Also, I saw Douglas Harper was the first to comment your post, what if you propose him to create an api with its dictionary?


I found this Winston Churchill quote online and thought it was appropriate: “Short words are best and the old words when short are best of all.”

Just a quick correction:
I recognise the Dickens passage and it is NOT from ‘A Tale of Two Cities’. It is, I believe, from ‘Great Expectations’.

I ommit snarky comment about your eruditeness 😉

Ah, John, you are right! ‘Tale of Two Cities’ was where I started … forgot when I switched texts. I will make the change. My apologies to all English majors everywhere (including you, mom).

Wouldn’t it be more erudite to use “erudition” instead of “eruditeness”?
No snarky comment here.

Very cool! I worked on a related project a while back and found it helpful to augment EtymOnline with data from AllWords. The project was to provide an Etymological Thesaurus so you could search for different ways of saying something and plot the results by age and language of origin. Doesn’t look like any of the screen-scraping code is working anymore; not surprising as it was quite a while back…

I bet a lot of people would love to experiment with this, even if it is a somewhat manual process. How about creating a webpage where people can upload text, and you analyze it?

One idea: how about run your program on the examples in Orwell’s Politics and the English Language essay?

Earl … that was my original intent but I ran low on time. It is definitely on my ‘to do’ list. Also, I’ll see what I can do about the Orwell passage. Keep checking back!

I wrote a basic system that does automatic etymological highlighting, if you’re want to check it out:

It uses the same source for etymologies.

The parsing isn’t very intelligent, so its liable to make mistakes, but it can give a flavor of what the result would be like.

Mike: It’s really great to see someone else trying this.. and I’m glad you have the patience to do each text manually 🙂

Your site seems to work very well. Certainly a great place to start for anyone interested in trying a few samples.

(BTW: it’s either patience … or stubbornness.)

Hey! I am very interested in this etymology program if it is still up and running? I think the link has died??

It was all done using a very old MS Access program back in 2012. I have not revised the process using new tools … might be about time.

This is supremely cool, and I suspect it might prove very, very valuable insights for some text analysis tasks – at least as a starting point.

I hope with all my heart that you will find some time to release the code and/or build a usable input page, because this is fun and useful in equally huge measures.

Very enjoyable. But why distinguish Anglo-French, Old French, and Middle French from Medieval and Classical Latin? Those words are largely based on Latin. (Why distinguish medieval from classical Latin, for that matter?) If you look at the Monty Python example, “supreme” and “aquatic” seem to be Anglo-French, but supremus and aqua are perfectly normal Latin words (full disclosure: I teach this stuff). The good news, for word-enthusiasts, is that these etymologies are even deeper and more complicated than this reveals. But the fact that many words arrived into English having percolated through several languages (e.g. Greek-Latin-French) is obscured here.

Hey, Brian, you bring up a great point. I struggled with finding an easy way to present the deeper history of individual words and my tentative solution was to provide a hyperlink to Douglas Harper’s dictionary for each word or word segment. Kind of a cop out, I know, since my intention was to show this entire process visually. I suppose it might be interesting to have a full etymology pop up when you mouseover the text. You might even be able to do a map!

As far as distinguishing between the varius word origins listed, I must admit that this was based on what I could do programmatically. I basically searched for the first language mentioned in Mr. Harper’s definition knowing that this might introduce some errors. My hope that this would at least provide a starting point for the non-expert. Thanks for your thoughts.

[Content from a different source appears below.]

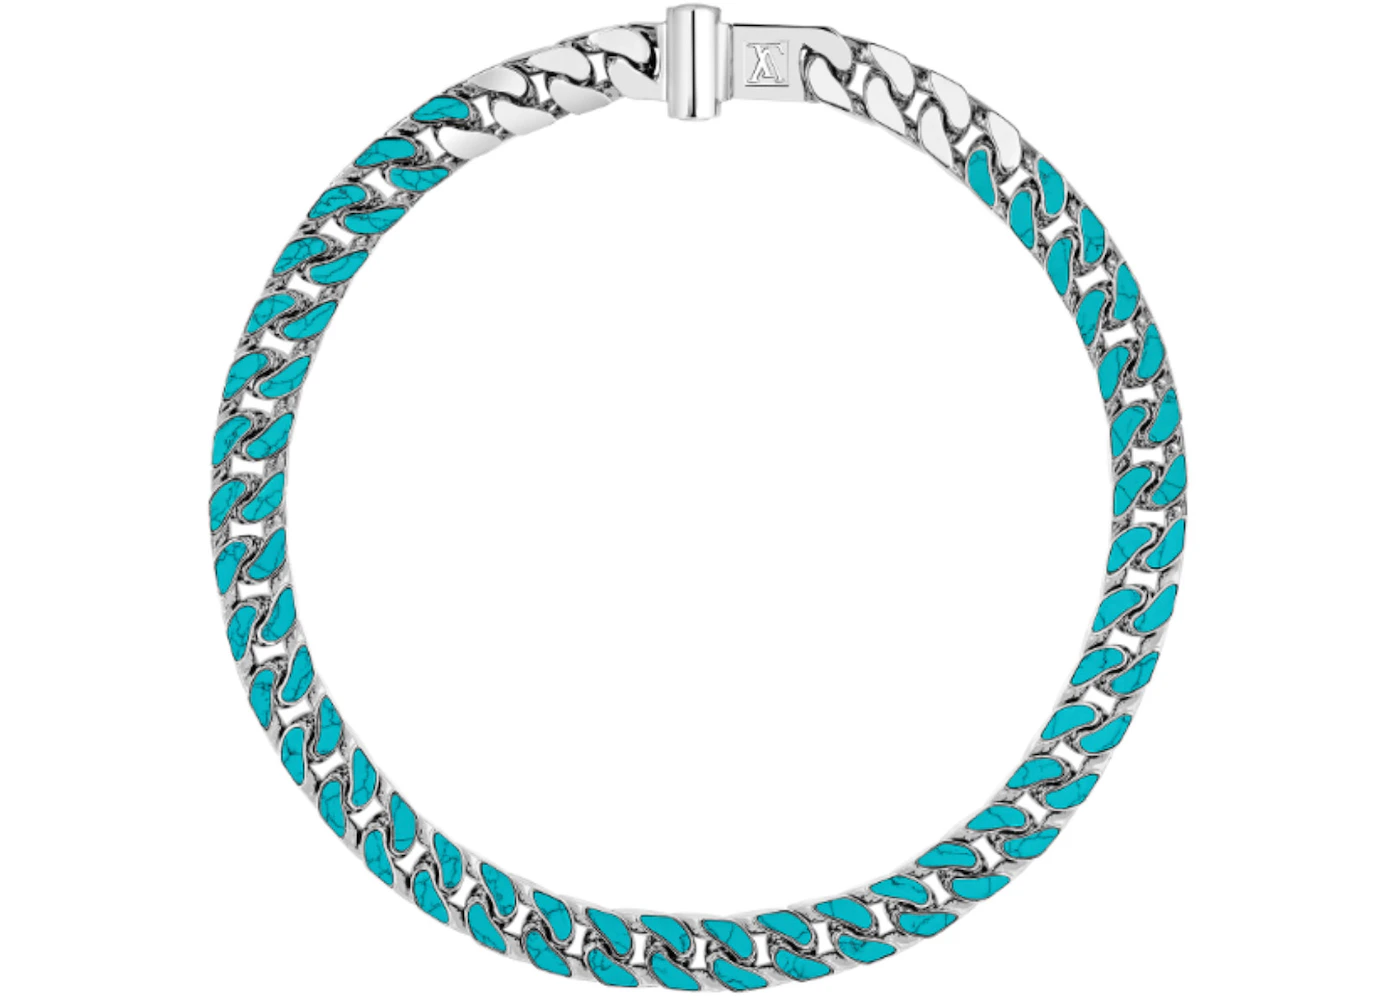 Louis Vuitton Chain Necklace Cloud Blue in Metal with Silver-tone - GB

These words are Middle French, not Anglo-French. The proximate language of borrowing is indicated because that goes a long way to explaining the cultural reasons for the borrowing as well as the phonetic shifts the etymon had undergone by the time of borrowing. An overwhelming majority of the words here are from Proto-Indo-European–if you want to go back to an earlier originator, why not just indicate PIE and call it a day? Furthermore, choosing the proximate language explains sound shifts but conceals the “percolation,” whereas choosing the original language also conceals the later “percolation,” all while leaving us in the dark with respect to the sound changes and cultural impetus for the borrowing.

Thanks, James. There’s definitely an opportunity to revisit this project with some of the tools that have been developed over the past few years. Let me give it some thought.

This is cool, but there are some real limitations to using colors for this (beyond the obvious problems of varying qualities of reproduction on various screens). For the color-blind among us, distinguishing between some colors (and it’s different depending on your color-blindness) is maddening or impossible, and it’s very hard to “map” the colors — to remember that this shade of orange represents Middle French, for instance. Not meant to be a negative criticism, just something to keep in mind. I don’t know if a mouseover could easily present the relevant derivations so that the color isn’t the only source of information.

Agreed. Color is a tough variable to tackle and I’m not sure how successful I was. I did try and use the mouseover option but it may not work the same on all devices.

What’s the book on the development of the English language that inspired this interesting project?

The book is called ‘The English is Coming!’ by Leslie Dunton-Downer. I would also recommend ‘The Story of English’ by Robert McCrum, et. al. as well as ‘Words and Rules’ by Steven Pinker.

Your initiative is fascinating and the web site a great idea. Perhaps you could charge for every analysis. If you need the money, keep it, if you don’t, have it go straight to your (or the user’s) favorite charity.

That’s a really great idea! There are a couple of things I’d like to try out and maybe do differently. Would you be willing to share a copy of your script so I don’t have to start from scratch?

You’re right about the “uninitiated” not understanding the baseball language. You could, for that matter, be talking cricket.

This would make a great teaching tool for LIN 101 students or high school seniors. If you could make it interactive, they could try to color-code and it could be a game or exercise. It could be fun (and illuminating) to have them start with broad origins–Latin/OE/Greek– and then show the distribution channel (so to speak).

Great stuff! Would like, I mean love, to have an app that did this. I do not agree with dropping Medeival Frecnh, etc., however. Part of the fascination of words is where they came from and how they evolved to have their current meaning.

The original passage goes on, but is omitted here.